The Dodgers wanted to help Davis, former Dodger pitcher Don Newcombe said in 1996, and got permission from then-owner Peter O’Malley to do everything they could.
“But if you perceive that a person has some kind of problem, you can’t give him money to enhance the problem,” Newcombe said. “The Dodgers are too smart for that. We wish it was that easy, but it doesn’t work that way. We would not give him money if we thought that he was going to use it for something other than a good use.”
“If we could define the problem, Willie would go to a doctor of our choosing,” Newcombe said. “Then we could have a medical diagnosis and a medical opinion about what his needs are. Then if that diagnosis was that he had a substance abuse problem, we’d put him in the hospital and we’d treat him for as long as he needed to be treated. The ball is in his court now. Willie’s going to have to make a decision about what he’s going to have to do with the rest of his life.”

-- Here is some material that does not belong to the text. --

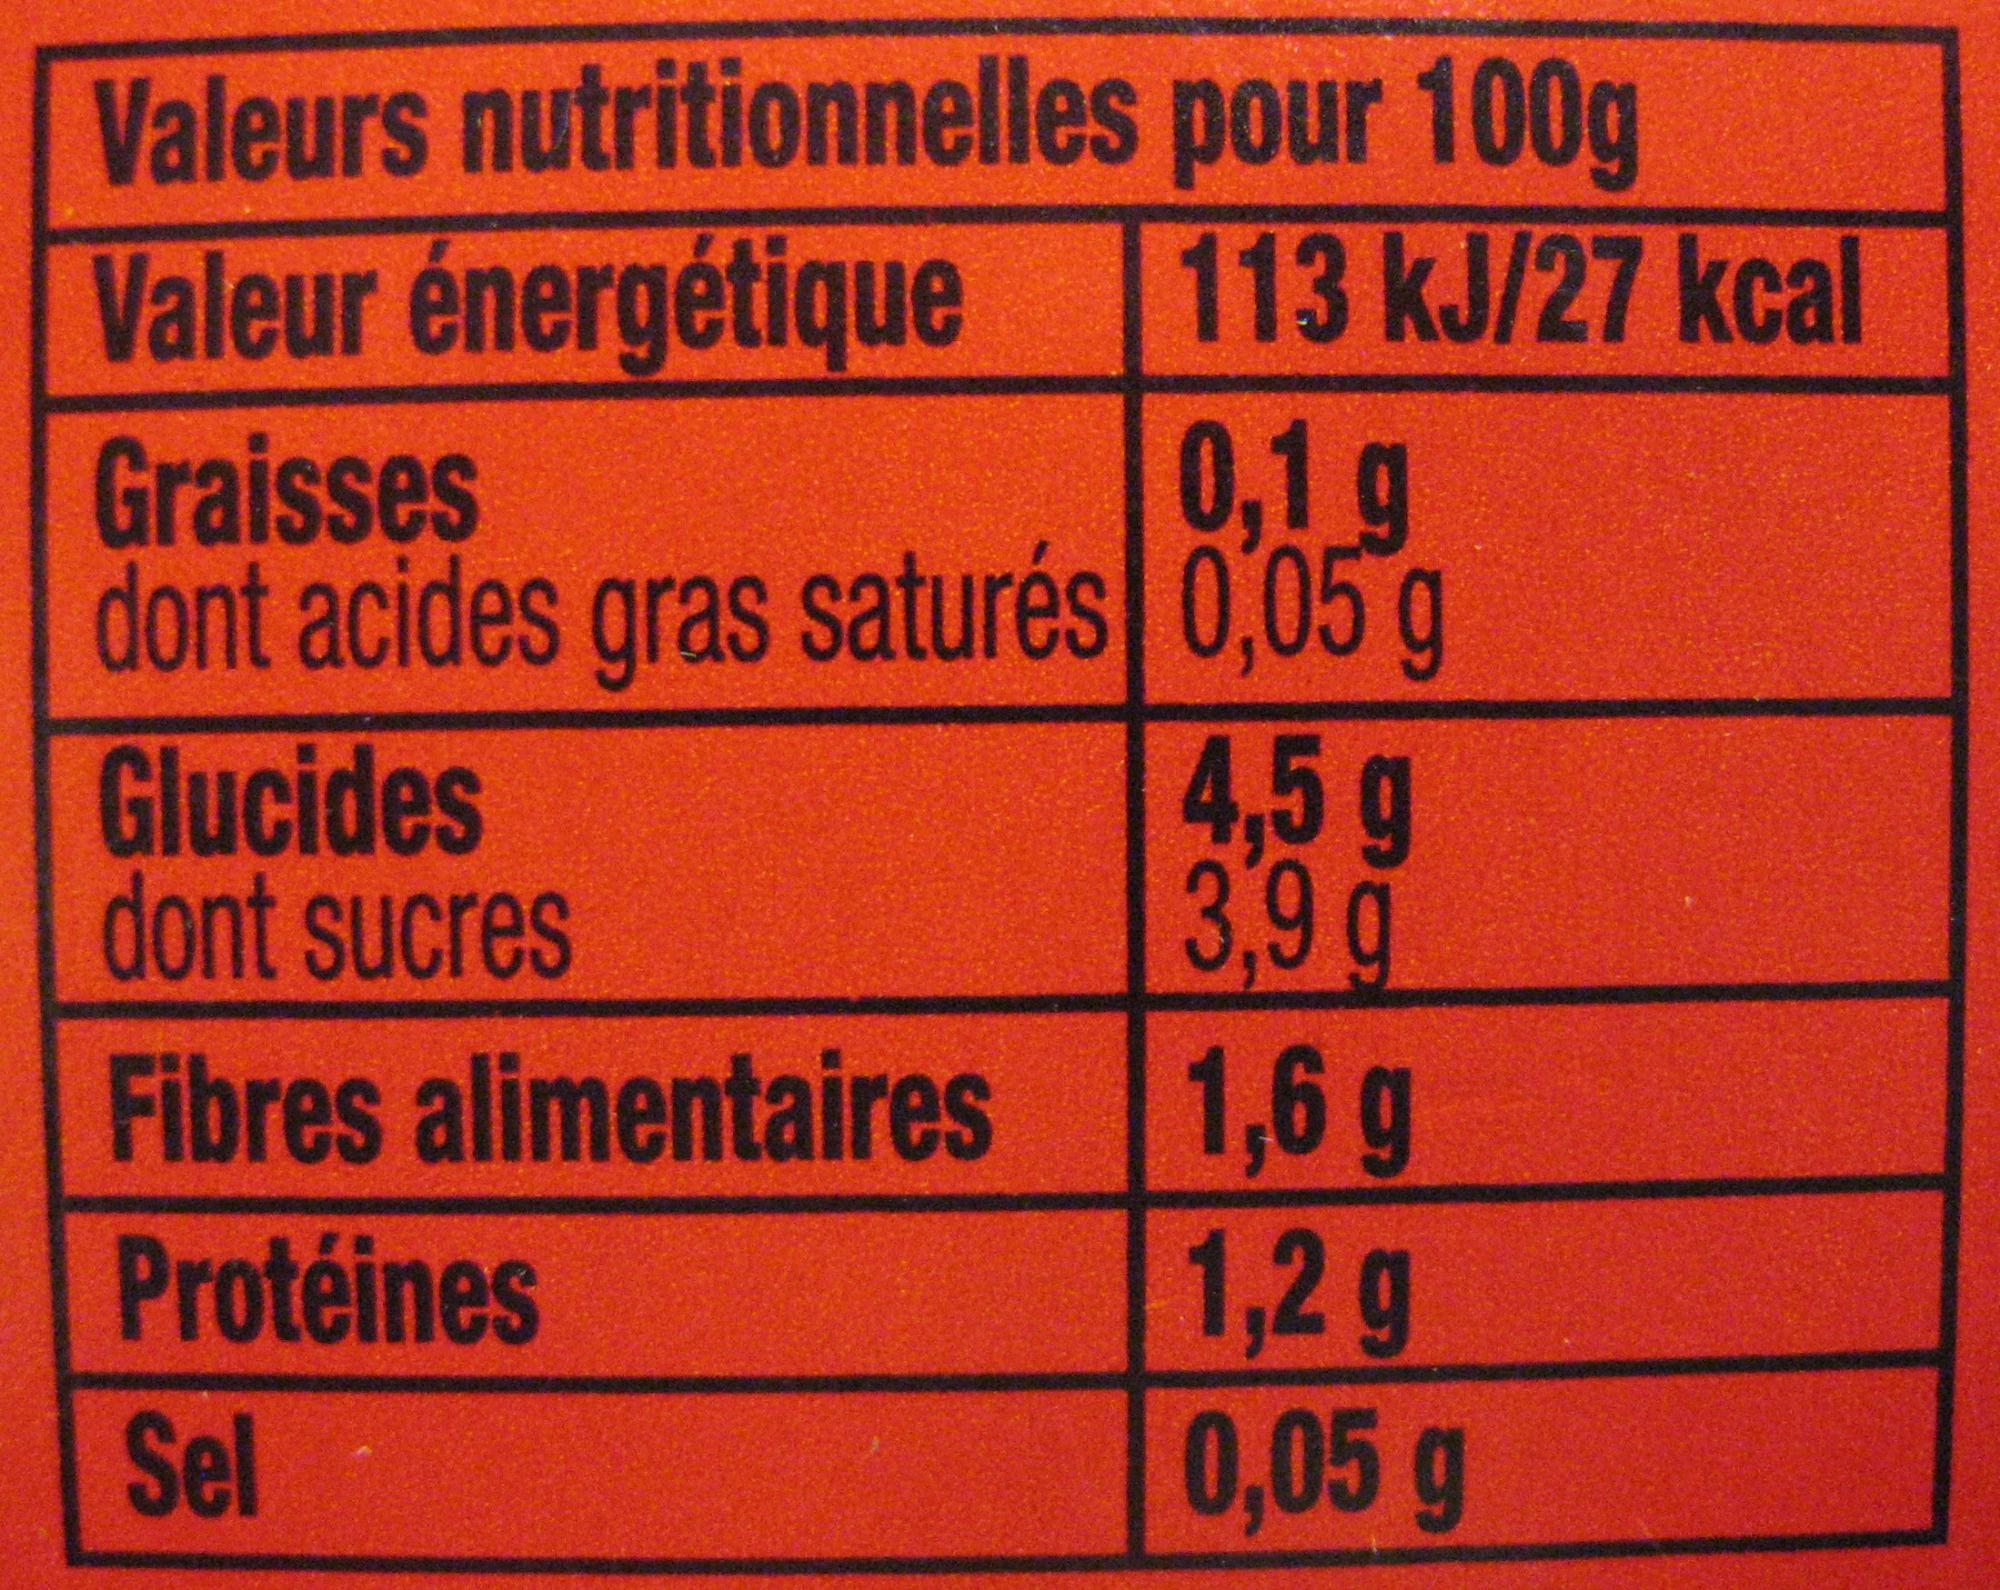 Tomacouli 100% Tomates Fraîches nature (Lot de 2 x 200 g) - Nutrition facts - fr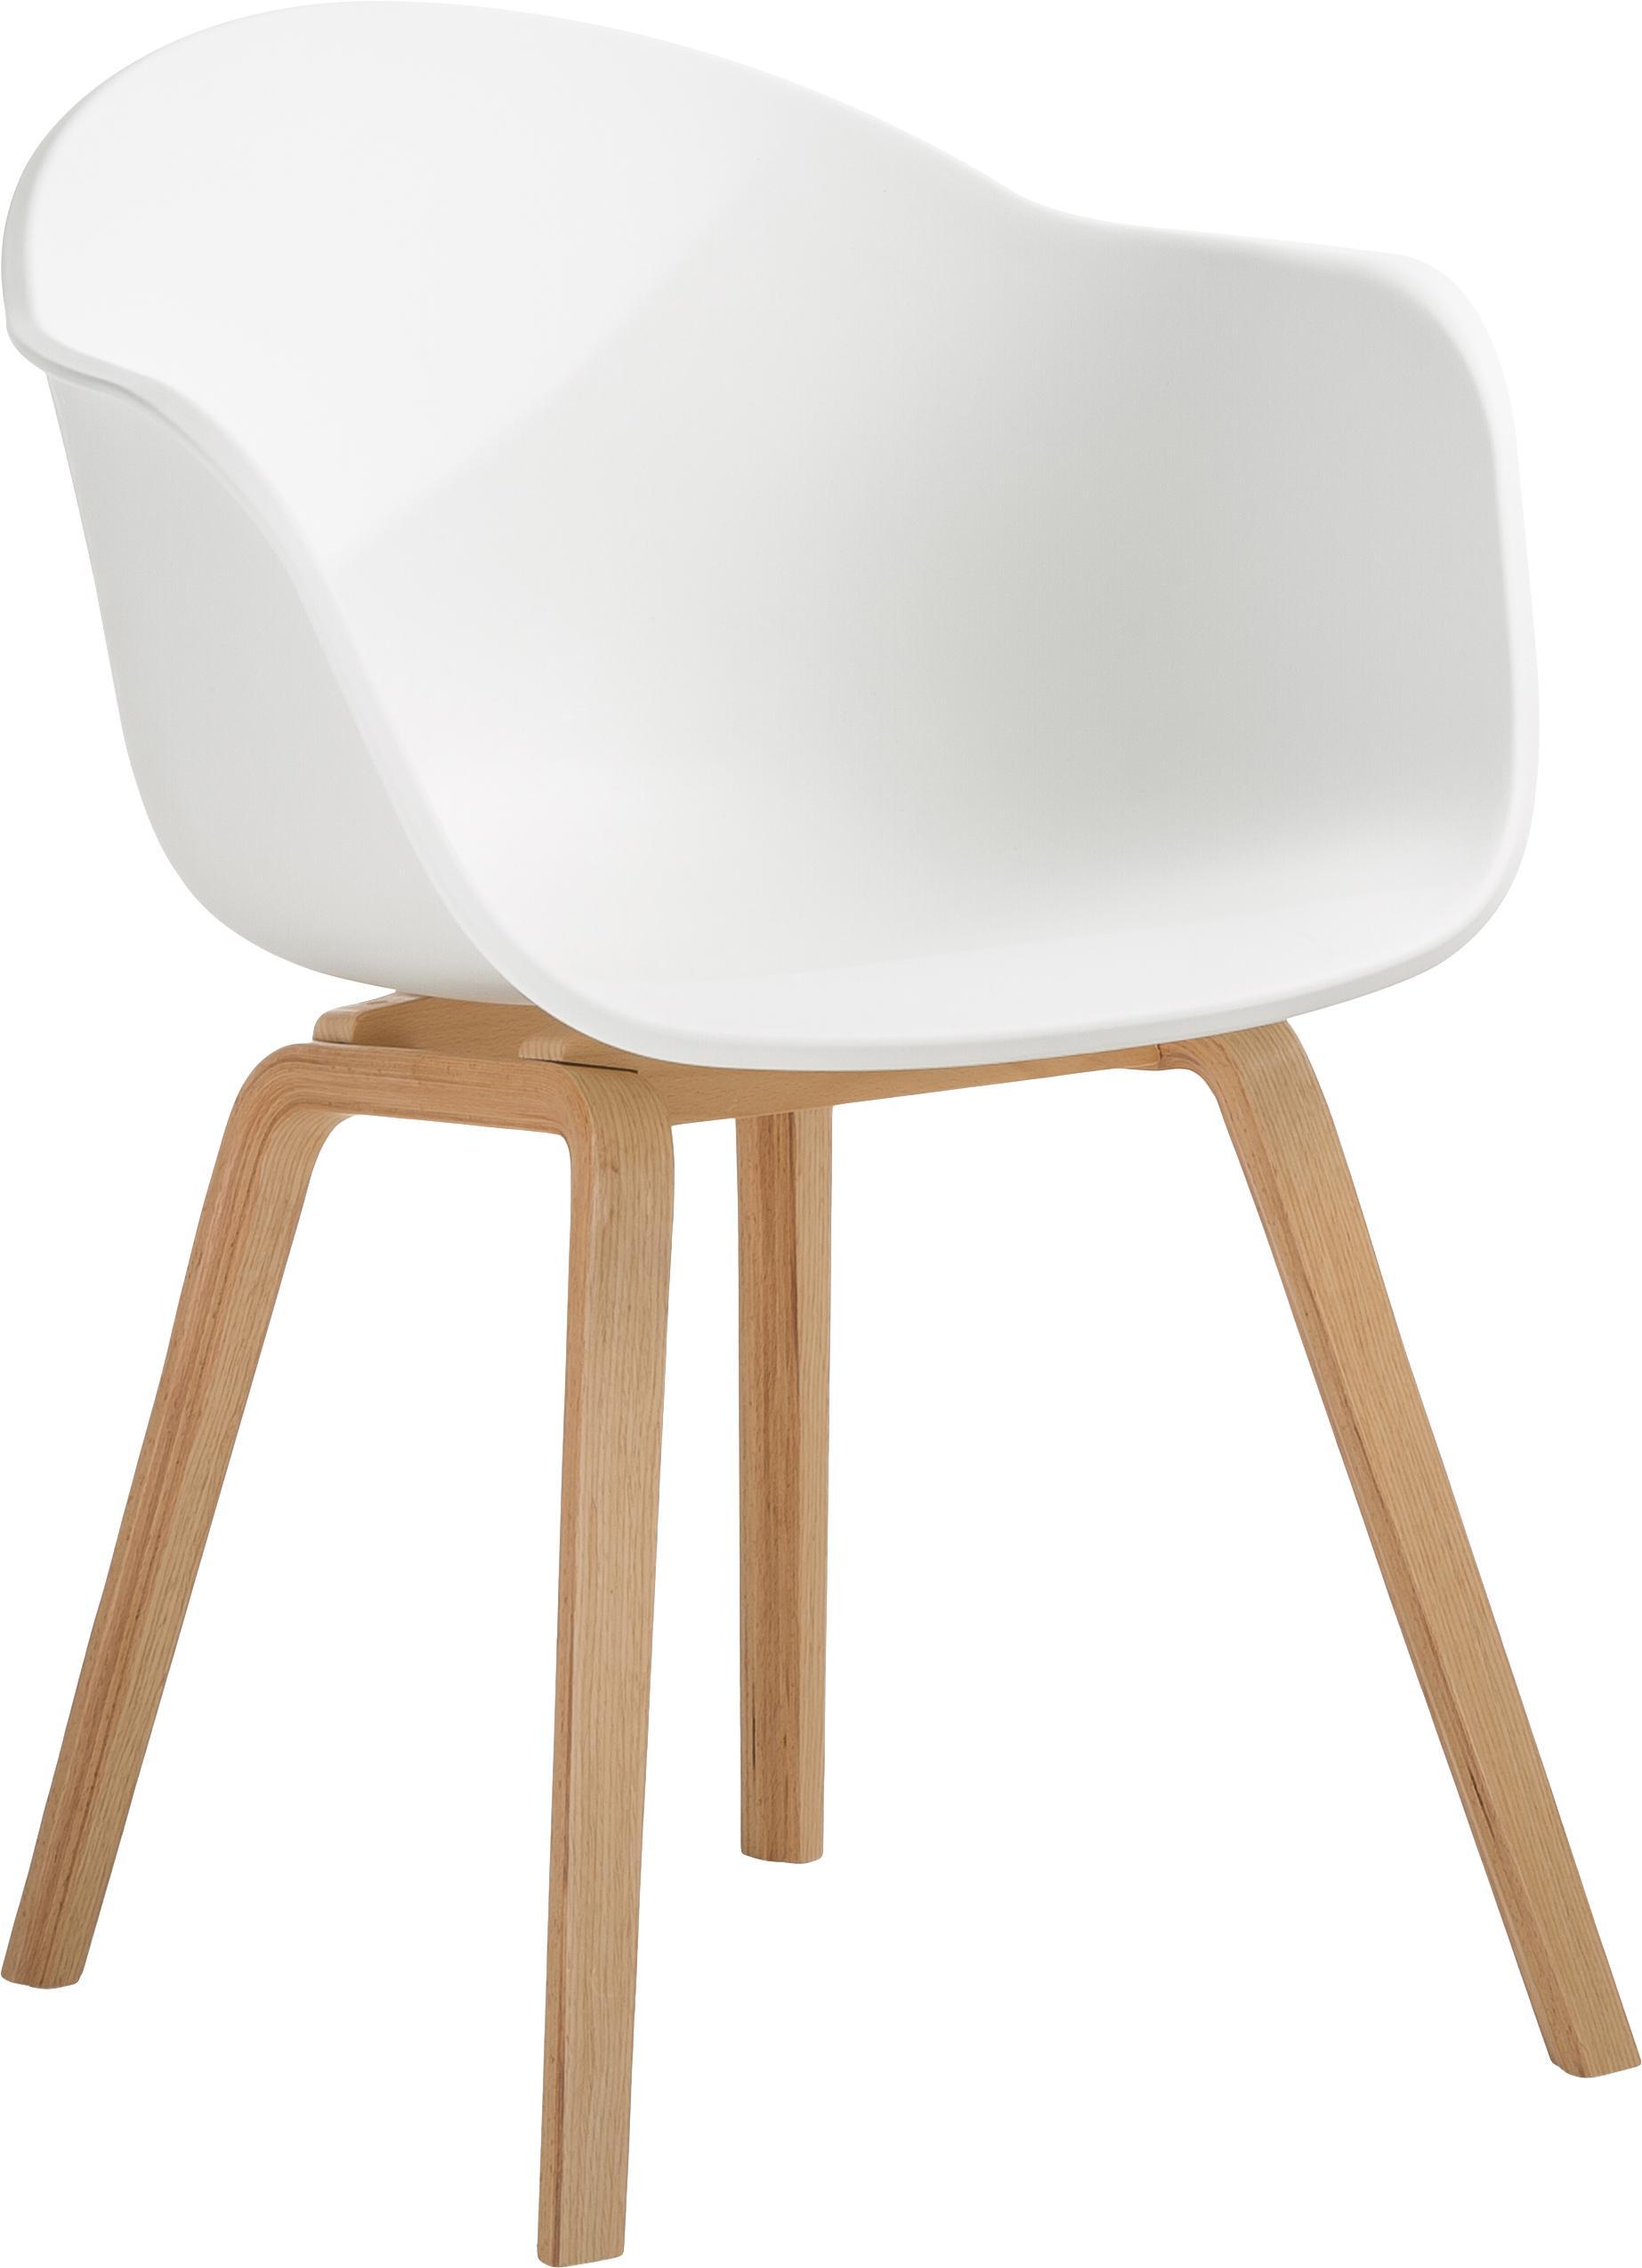 Kunststoff-Armlehnstuhl Claire mit Holzbeinen, Sitzschale: Kunststoff, Beine: Buchenholz, Kunststoff Weiß, B 54 x T 60 cm

Former Dodgers general manager Buzzie Bavasi once said of Davis: “There was nothing more exciting than to watch Willie run out a triple. … He could have been a Hall of Famer, but he had million-dollar legs and a 10-cent head.”
Hall of Famer Willie McCovey of the Giants said last Tuesday: “There was a time he kind of went off and I’m not sure what (he did). He was living a weird existence for a while. But he had straightened himself out. This is shocking. A lot of guys from my era are passing on, let’s face it.”
Mota said the trouble Davis had toward the end of his life “was kind of sad to see it happen. But he was a great man. I have a great deal of respect and admiration for Willie.”
Davis was born in Mineral Springs, Ark., in 1940 and moved to Los Angeles with his family when he was still a boy. He attended Roosevelt High School where he was a world class sprinter.
He was recruited by the Dodgers and signed with them when he graduated in 1958, McCourt said. Two years later, he was in the majors. In 1961, he replaced Duke Snider in center field.
Davis still holds six team records. He is the franchise leader in hits (2,091), extra-base hits (585), at-bats (7,495), runs (1,004), triples (110) and total bases (3,094).
He set a team record in 1969 with a 31-game hitting streak. He had more than 20 stolen bases in 11 consecutive seasons.
He appeared in a few television shows, including “The Flying Nun” and “Mister Ed,” usually as himself.